Le Codex Borbonicus est un codex indigène du Mexique central, ouvrage rituel aztèque dont on ne peut affirmer avec certitude s'il s'agit d'un codex préhispanique ou colonial. La première mention de son existence date de 1778 : il se trouve alors à la Bibliothèque de l’Escurial en Espagne. Il serait entré en 1823 (ou en 1826) dans les collections du Palais-Bourbon, à Paris, où il est toujours conservé actuellement.

Comme d'autres codex mésoaméricains, il comporte des annotations en espagnol dont on ne sait si elles ont été ajoutées à un codex préhispanique ou si des espaces leur avaient été réservés lors de la réalisation du codex (à l'époque coloniale, donc, dans cette hypothèse). En revanche, comme le support utilisé, du papier d'amate plié en accordéon, et le style des glyphes respectent parfaitement les canons préhispaniques, les spécialistes en déduisent que le codex a très probablement été réalisé au plus tard dans les premières années de la conquête de l'Empire aztèque.

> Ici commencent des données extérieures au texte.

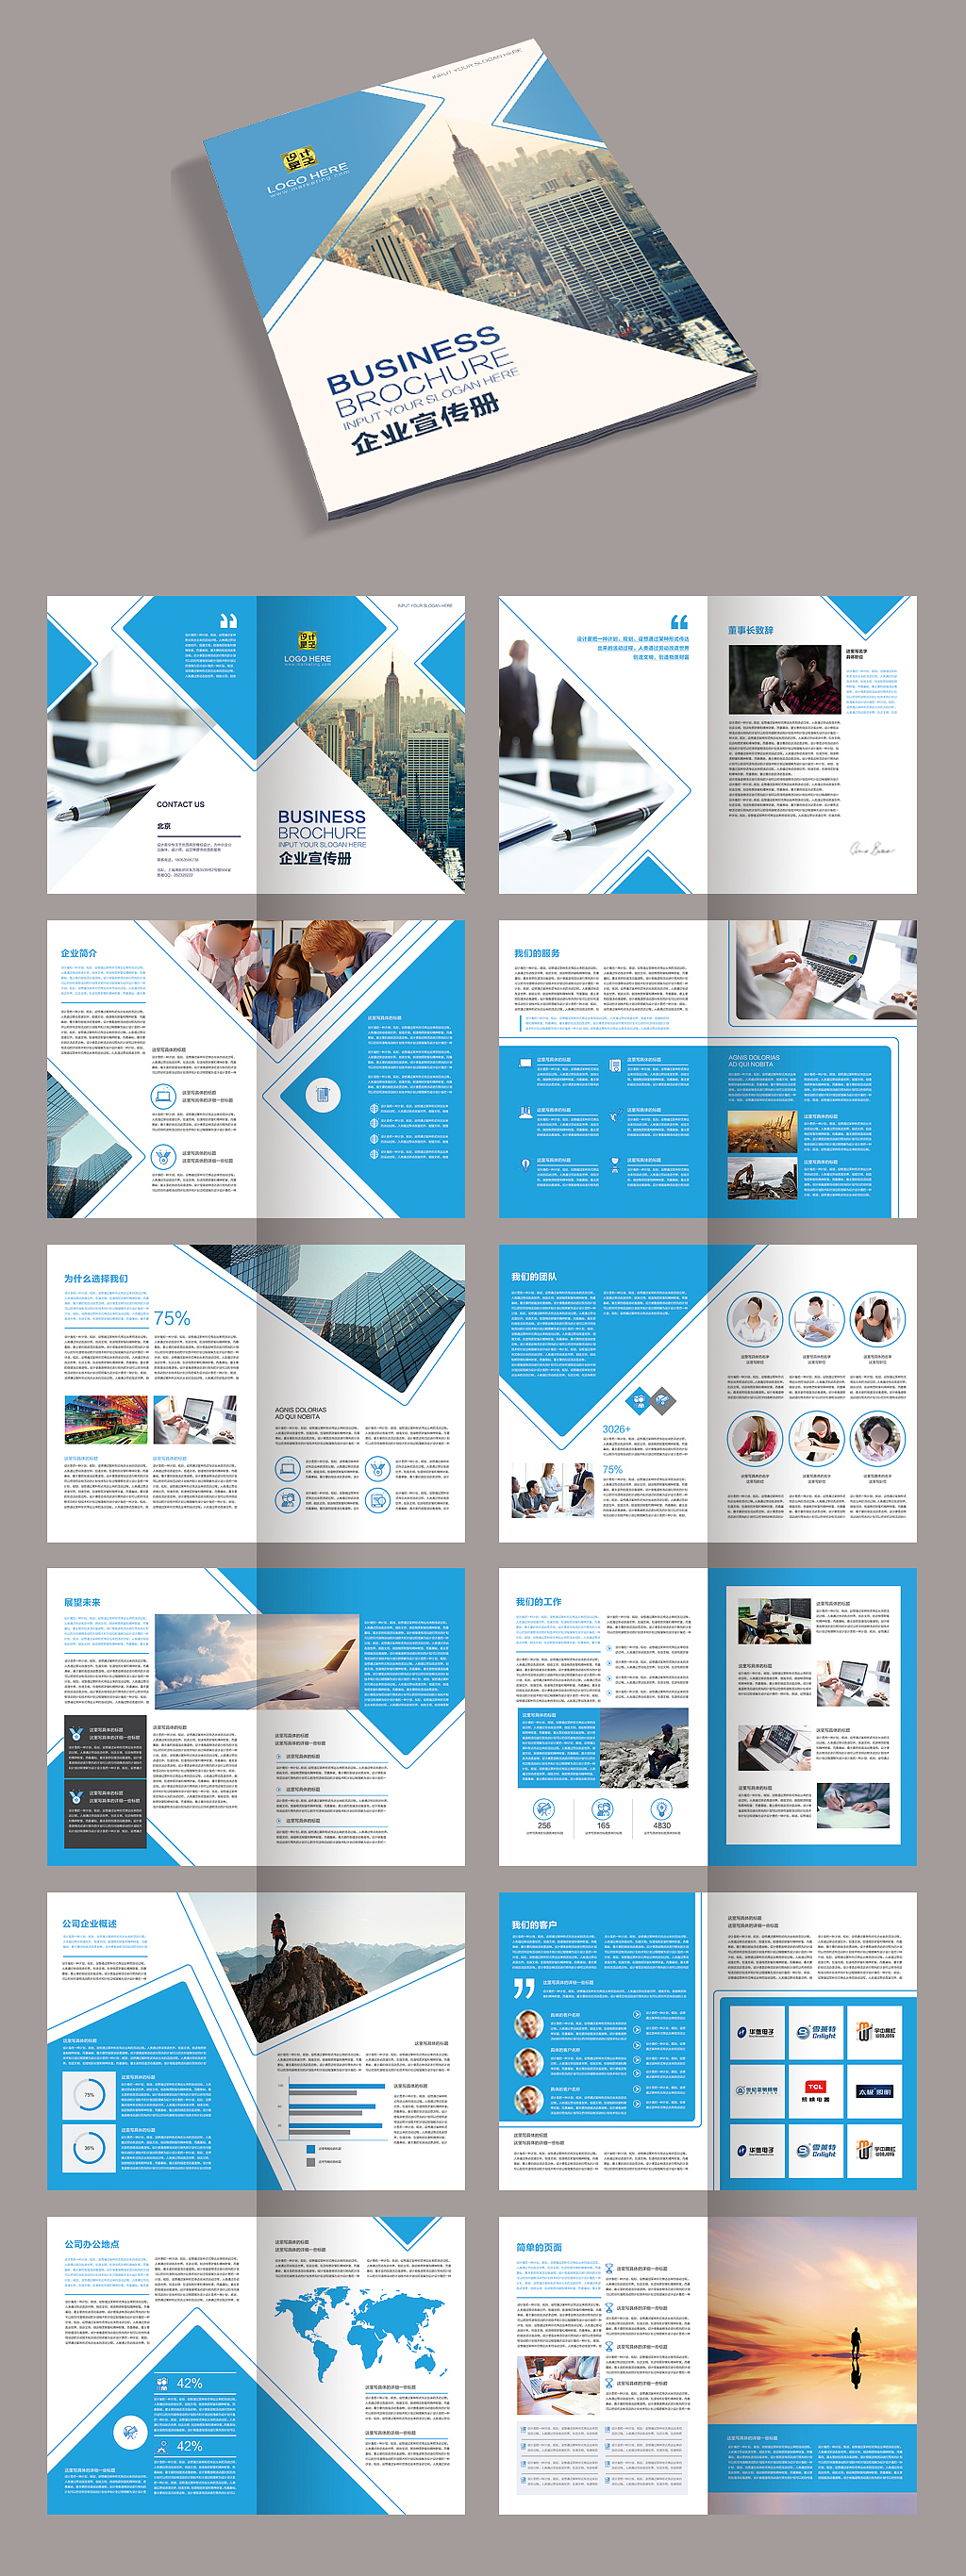 77套企业宣传册产品画册杂志排版作品集PSD设计模板素材源文件

Ce codex est remarquable par son format imposant (39 x 40 cm)1 et sa longueur : déplié, l'ensemble de ses 36 pages1 mesure un peu plus de 14 mètres.

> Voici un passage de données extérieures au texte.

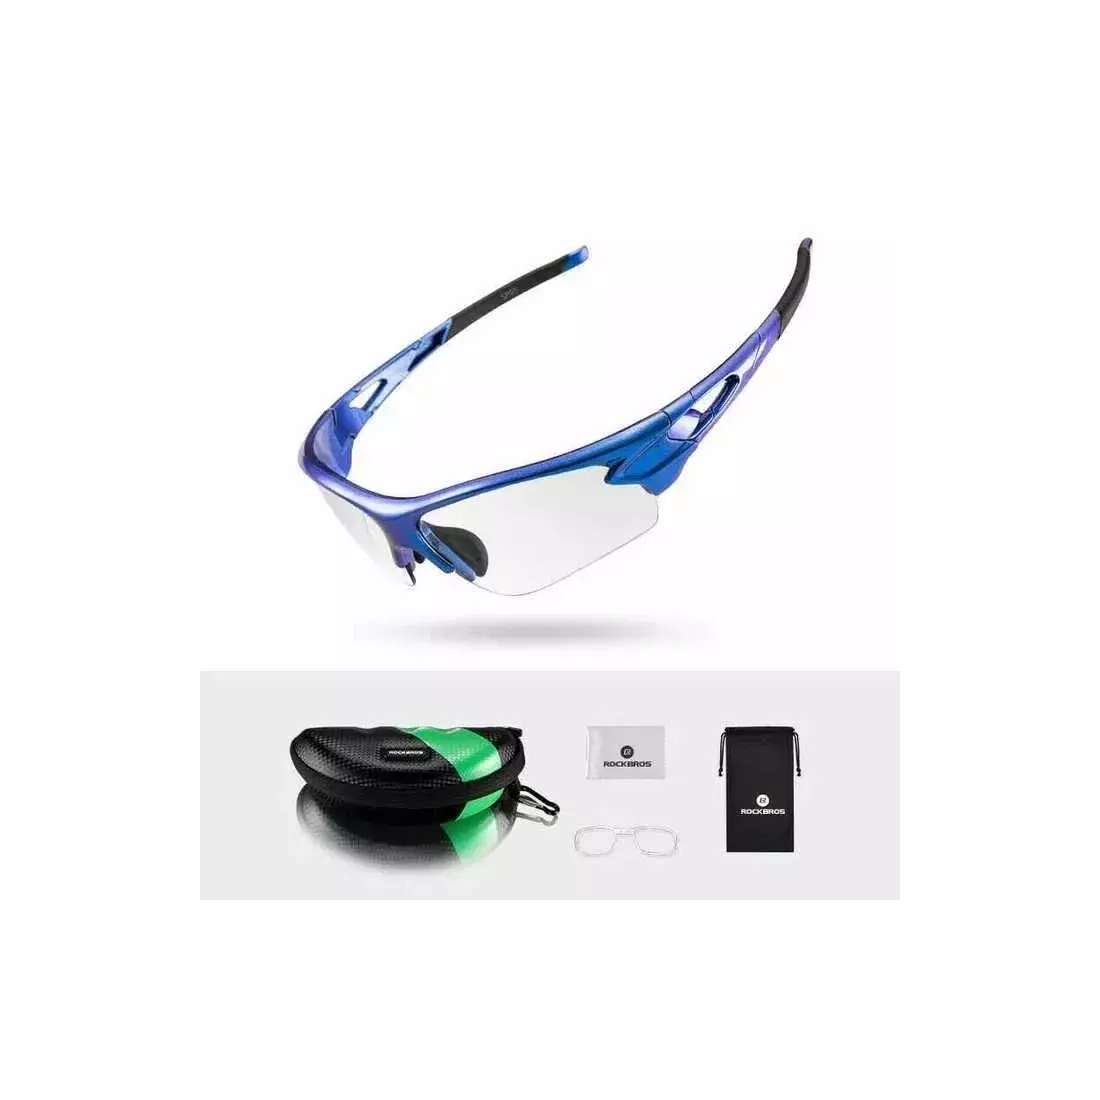 Cyklistické/športové okuliare Rockbros s fotochrómovou modrou 10069

La première partie partie présente une usure plus grande que les deux autres, ce qui suggère qu'elle a été consultée fréquemment.
Les deux premières et les deux dernières pages manquent.

Plusieurs parties ont été distinguées par les épigraphistes.
La première est un tonalamatl1 (« livre des jours »), c'est-à-dire un almanach rituel divisé en vingt treizaines. Eloïse Quiñones Keber le considère comme le plus élaboré de tous les tonalamatl connus3.
La seconde partie décrit les rites de chacune des 18 cérémonies annuelles du tonalpohualli1. Impossible : le tonalpohualli compte vingt treizaines ou treize vingtaines de jours ; il s'agit de l'année solaire structurée en dix-huit 'mois' de vingt jours et un résidu Nemontemi.
Une partie plus courte représente quatre divinités fondamentales (Oxomoco, Cipactónal, Quetzalcoatl et Tezcatlipoca) dont le symbolisme est clairement en relation avec le sens du reste du codex.
Une dernière partie plus courte représente un cycle de 52 années incomplet, à cause de l'absence de pages perdues à la fin du codex.